Il dialogo sociale in un contesto di libertà religiosa 255. I Padri sinodali hanno ricordato l’importanza del rispetto per la libertà religiosa, considerata come un diritto umano fondamentale. Essa comprende «la libertà di scegliere la religione che si considera vera e di manifestare pubblicamente la propria fede». Un sano pluralismo, che davvero rispetti gli altri ed i valori come tali, non implica una privatizzazione delle religioni, con la pretesa di ridurle al silenzio e all’oscurità della coscienza di ciascuno, o alla marginalità del recinto chiuso delle chiese, delle sinagoghe o delle moschee. Si tratterebbe, in definitiva, di una nuova forma di discriminazione e di autoritarismo. Il rispetto dovuto alle minoranze di agnostici o di non credenti non deve imporsi in un modo arbitrario che metta a tacere le convinzioni di maggioranze credenti o ignori la ricchezza delle tradizioni religiose. Questo alla lunga fomenterebbe più il risentimento che la tolleranza e la pace.

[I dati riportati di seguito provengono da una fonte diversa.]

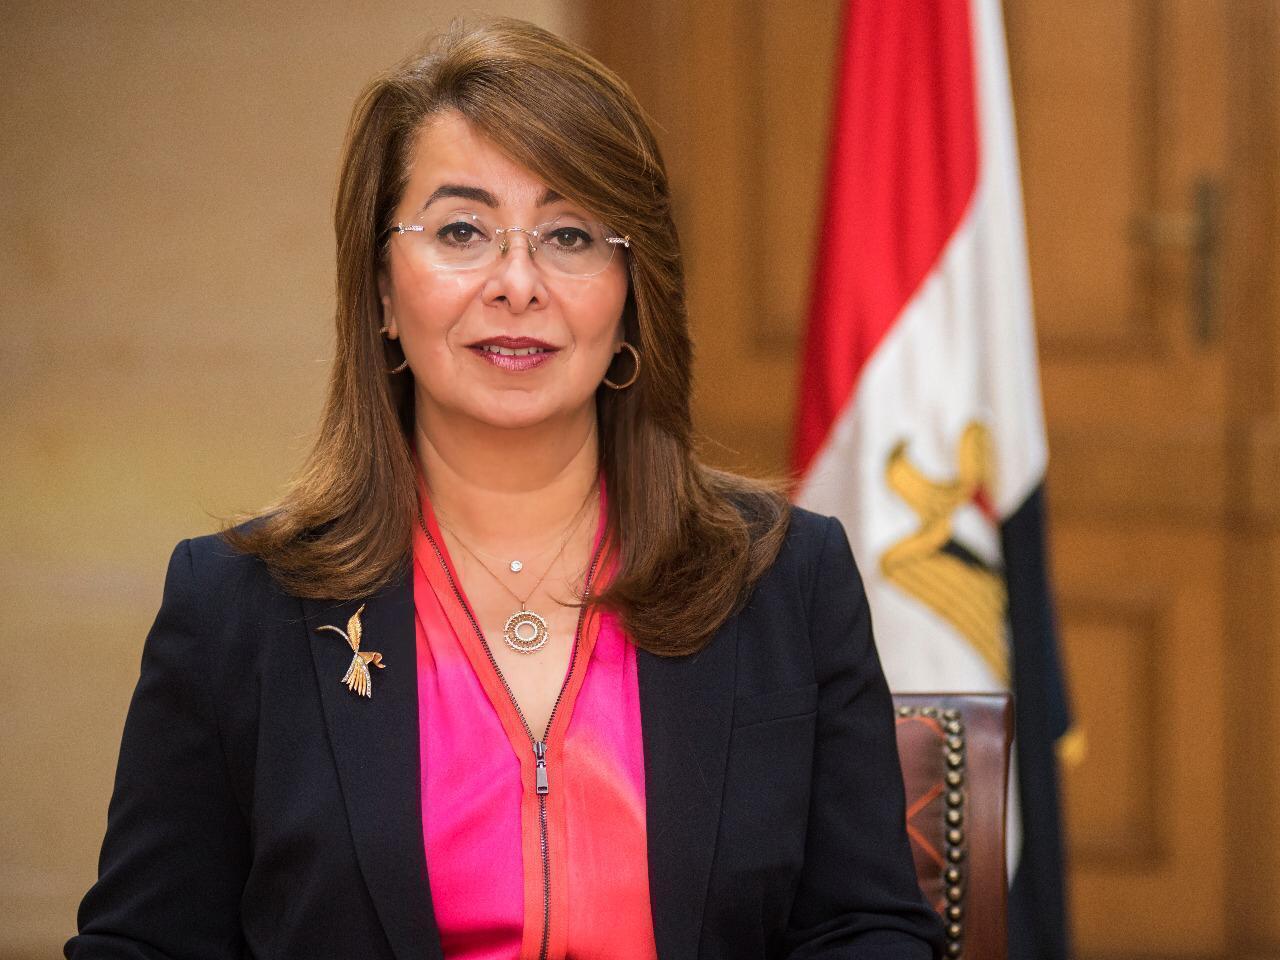 وزيرة التضامن الاجتماعى : الحكومة مسئولة عن تحقيق أهداف التنمية المستدامة

256. Al momento di interrogarsi circa l’incidenza pubblica della religione, bisogna distinguere diversi modi di viverla. Sia gli intellettuali sia i commenti giornalistici cadono frequentemente in grossolane e poco accademiche generalizzazioni quando parlano dei difetti delle religioni e molte volte non sono in grado di distinguere che non tutti i credenti – né tutte le autorità religiose – sono uguali. (…) Altre volte si disprezzano gli scritti che sono sorti nell’ambito di una convinzione credente, dimenticando che i testi religiosi classici possono offrire un significato destinato a tutte le epoche, posseggono una forza motivante che apre sempre nuovi orizzonti, stimola il pensiero, allarga la mente e la sensibilità. (…). Portano in sé principi profondamente umanistici, che hanno un valore razionale benché siano pervasi di simboli e dottrine religiose.

257. Come credenti ci sentiamo vicini anche a quanti, non riconoscendosi parte di alcuna tra- dizione religiosa, cercano sinceramente la verità, la bontà e la bellezza, che per noi trovano la loro massima espressione e la loro fonte in Dio. Li sentiamo come preziosi alleati nell’impegno per la difesa della dignità umana, nella costruzione di una convivenza pacifica tra i popoli e nella custodia del creato. Uno spazio peculiare è quello dei cosiddetti nuovi Areopaghi, come il “Cortile dei Gentili”, dove «credenti e non credenti possono dialogare sui temi fondamentali dell’etica, dell’arte, e della scienza, e sulla ricerca della trascendenza». Anche questa è una via di pace per il nostro mondo ferito.